Sazzed Salim
Department of Computer Science, Old Dominion University, Norfolk, VA, USA.
PeerJ Comput Sci. 2021 Nov 16;7:e681. doi: 10.7717/peerj-cs.681. eCollection 2021.
Bengali is a low-resource language that lacks tools and resources for various natural language processing (NLP) tasks, such as sentiment analysis or profanity identification. In Bengali, only the translated versions of English sentiment lexicons are available. Moreover, no dictionary exists for detecting profanity in Bengali social media text. This study introduces a Bengali sentiment lexicon, BengSentiLex, and a Bengali swear lexicon, BengSwearLex. For creating BengSentiLex, a cross-lingual methodology is proposed that utilizes a machine translation system, a review corpus, two English sentiment lexicons, pointwise mutual information (PMI), and supervised machine learning (ML) classifiers in various stages. A semi-automatic methodology is presented to develop BengSwearLex that leverages an obscene corpus, word embedding, and part-of-speech (POS) taggers. The performance of BengSentiLex compared with the translated English lexicons in three evaluation datasets. BengSentiLex achieves 5%-50% improvement over the translated lexicons. For identifying profanity, BengSwearLex achieves documentlevel coverage of around 85% in an document-level in the evaluation dataset. The experimental results imply that BengSentiLex and BengSwearLex are effective resources for classifying sentiment and identifying profanity in Bengali social media content, respectively.
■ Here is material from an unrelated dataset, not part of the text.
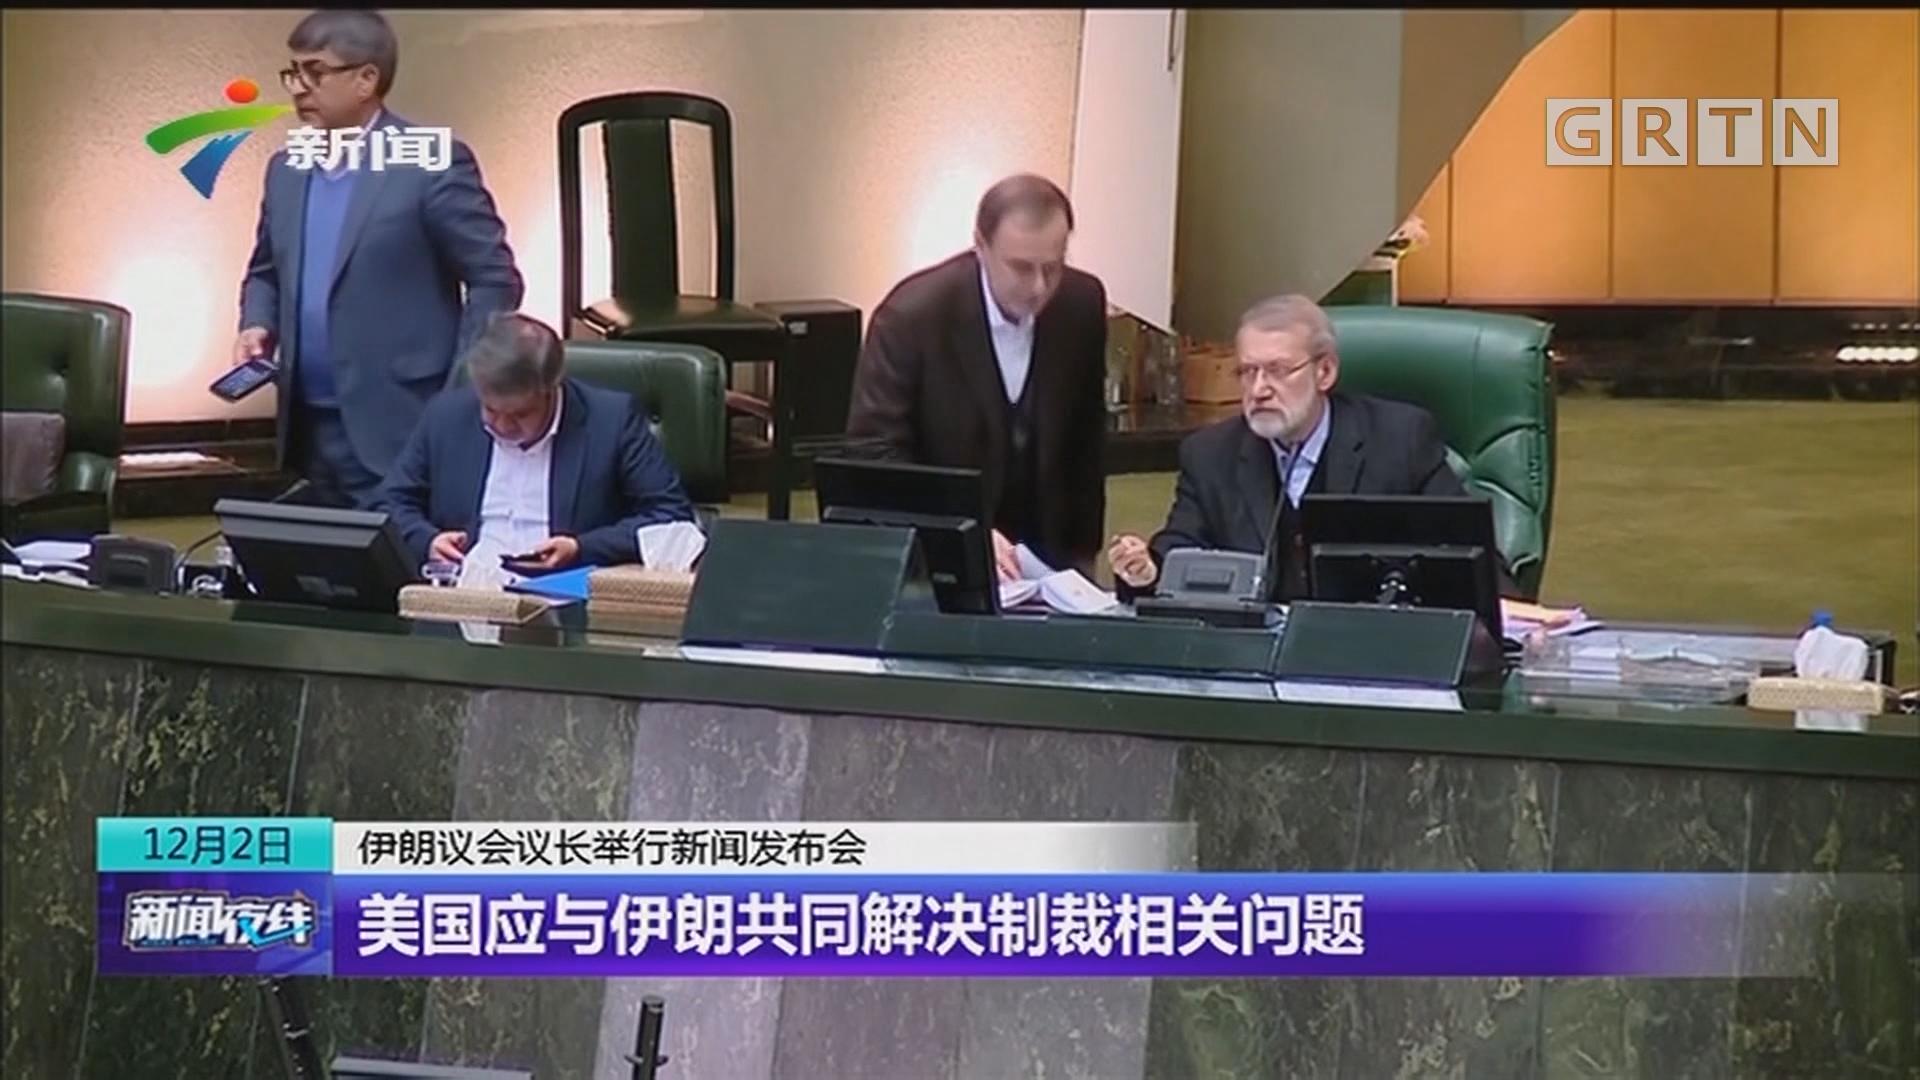 伊朗议会议长举行新闻发布会 美国应与伊朗共同解决制裁相关问题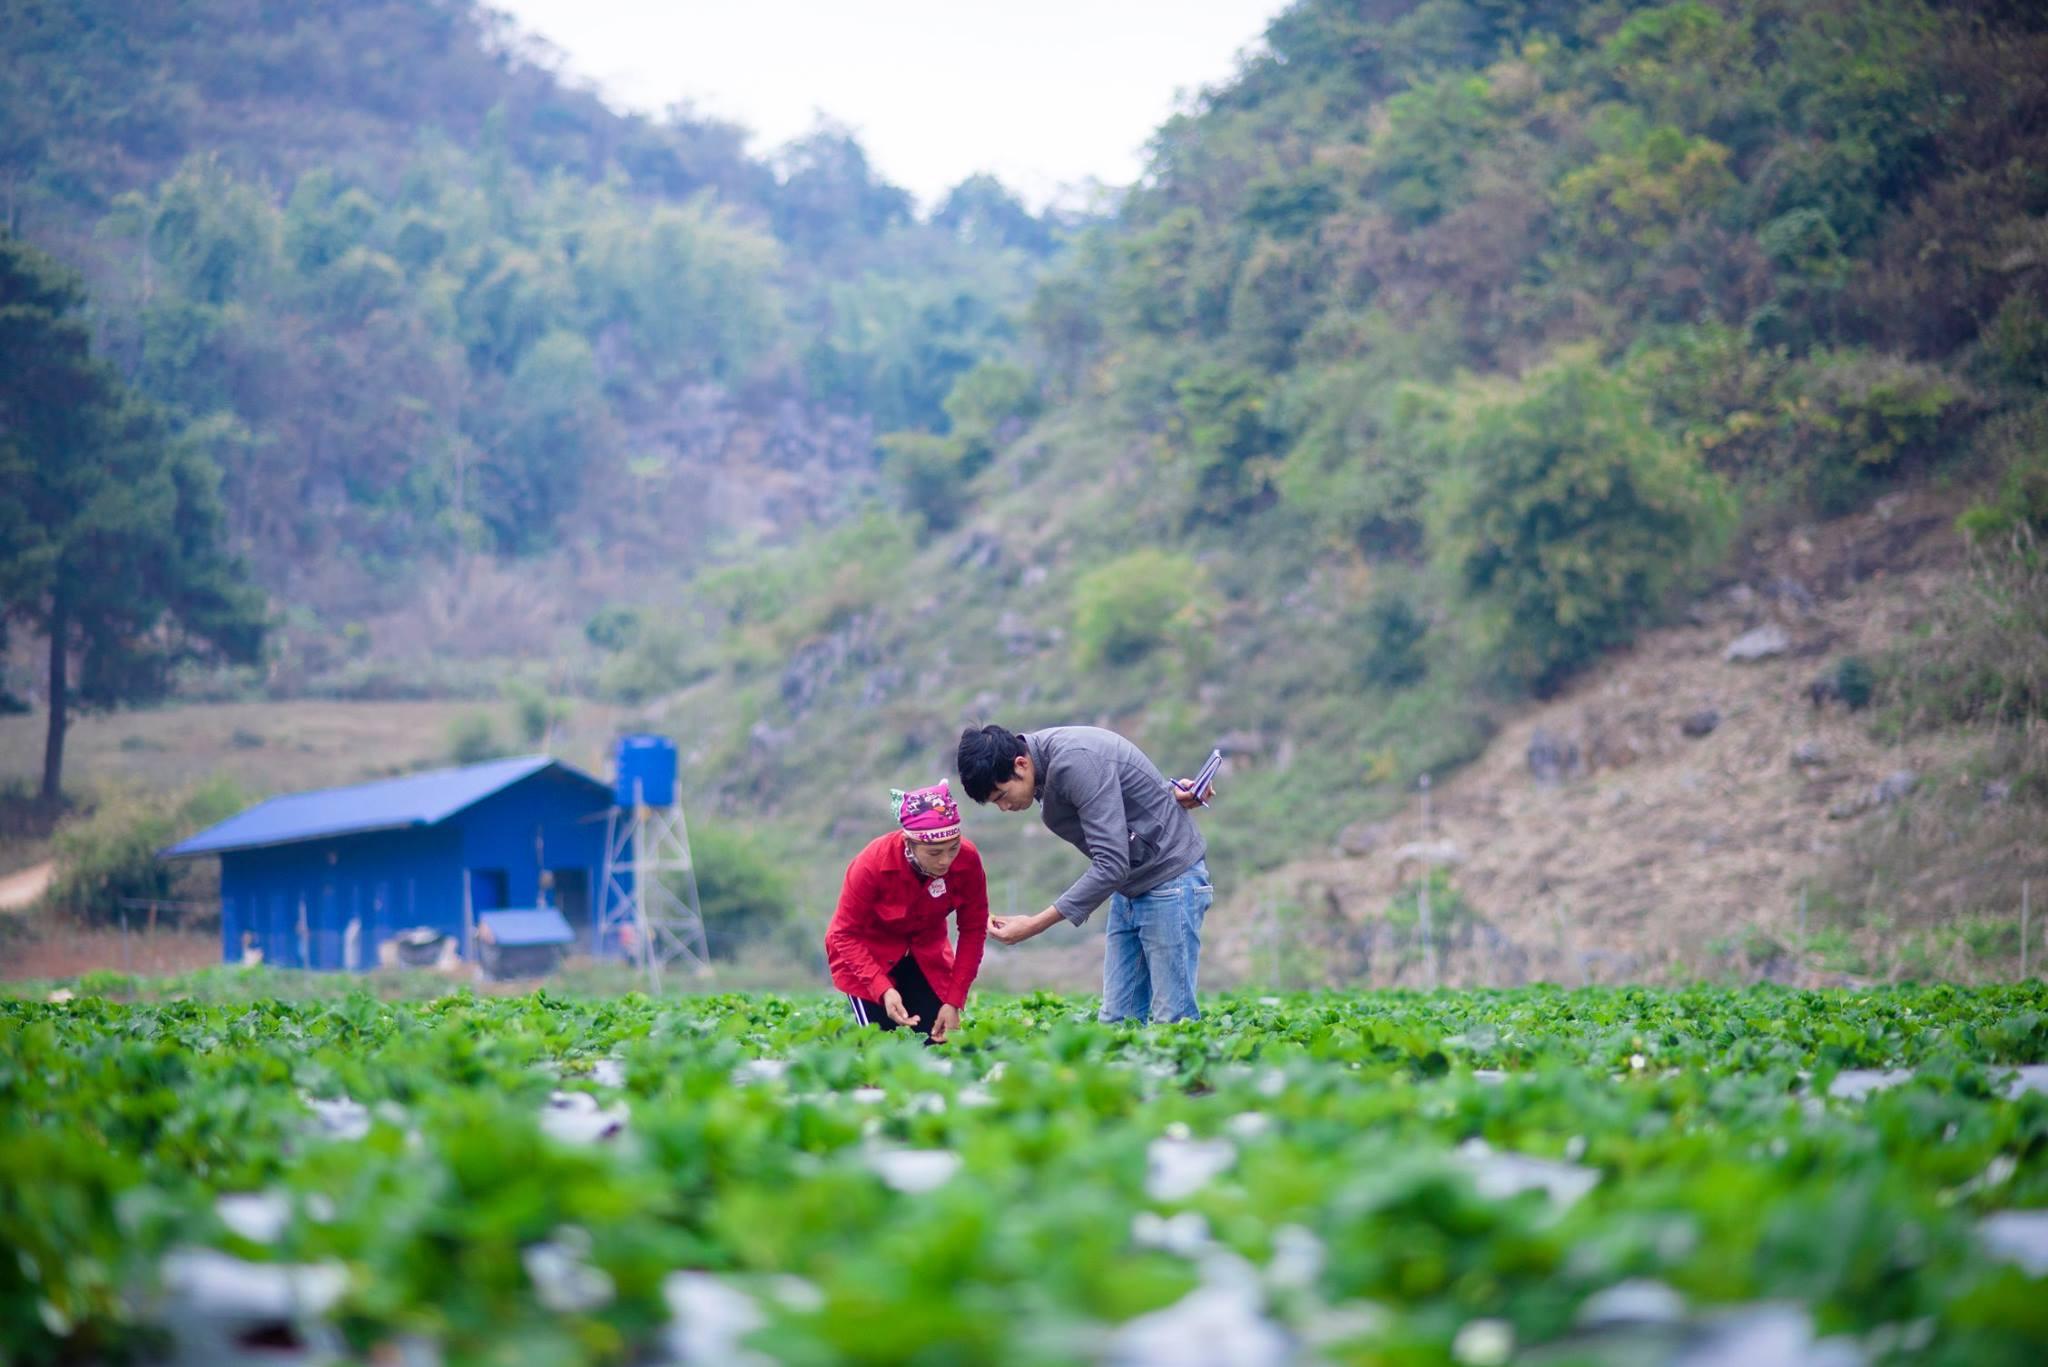 Anh Nguyễn Công Toàn (kỹ sư nông nghiệp) của Chimi Farm đang hướng dẫn công nhân thu hoạch dâu tây

孟加拉语是一种资源匮乏的语言,缺乏用于各种自然语言处理(NLP)任务的工具和资源,如情感分析或亵渎性识别。在孟加拉语中,只有英语情感词典的翻译版本可用。此外,不存在用于检测孟加拉语社交媒体文本中亵渎性内容的词典。本研究介绍了一个孟加拉语情感词典BengSentiLex和一个孟加拉语脏话词典BengSwearLex。为了创建BengSentiLex,提出了一种跨语言方法,该方法在不同阶段利用机器翻译系统、评论语料库、两个英语情感词典、逐点互信息(PMI)和监督机器学习(ML)分类器。提出了一种半自动方法来开发BengSwearLex,该方法利用淫秽语料库、词嵌入和词性(POS)标注器。在三个评估数据集中将BengSentiLex的性能与翻译后的英语词典进行了比较。BengSentiLex比翻译后的词典有5%-50%的提升。对于亵渎性内容的识别,BengSwearLex在评估数据集中的文档级覆盖率达到了约85%。实验结果表明,BengSentiLex和BengSwearLex分别是用于对孟加拉语社交媒体内容进行情感分类和识别亵渎性内容的有效资源。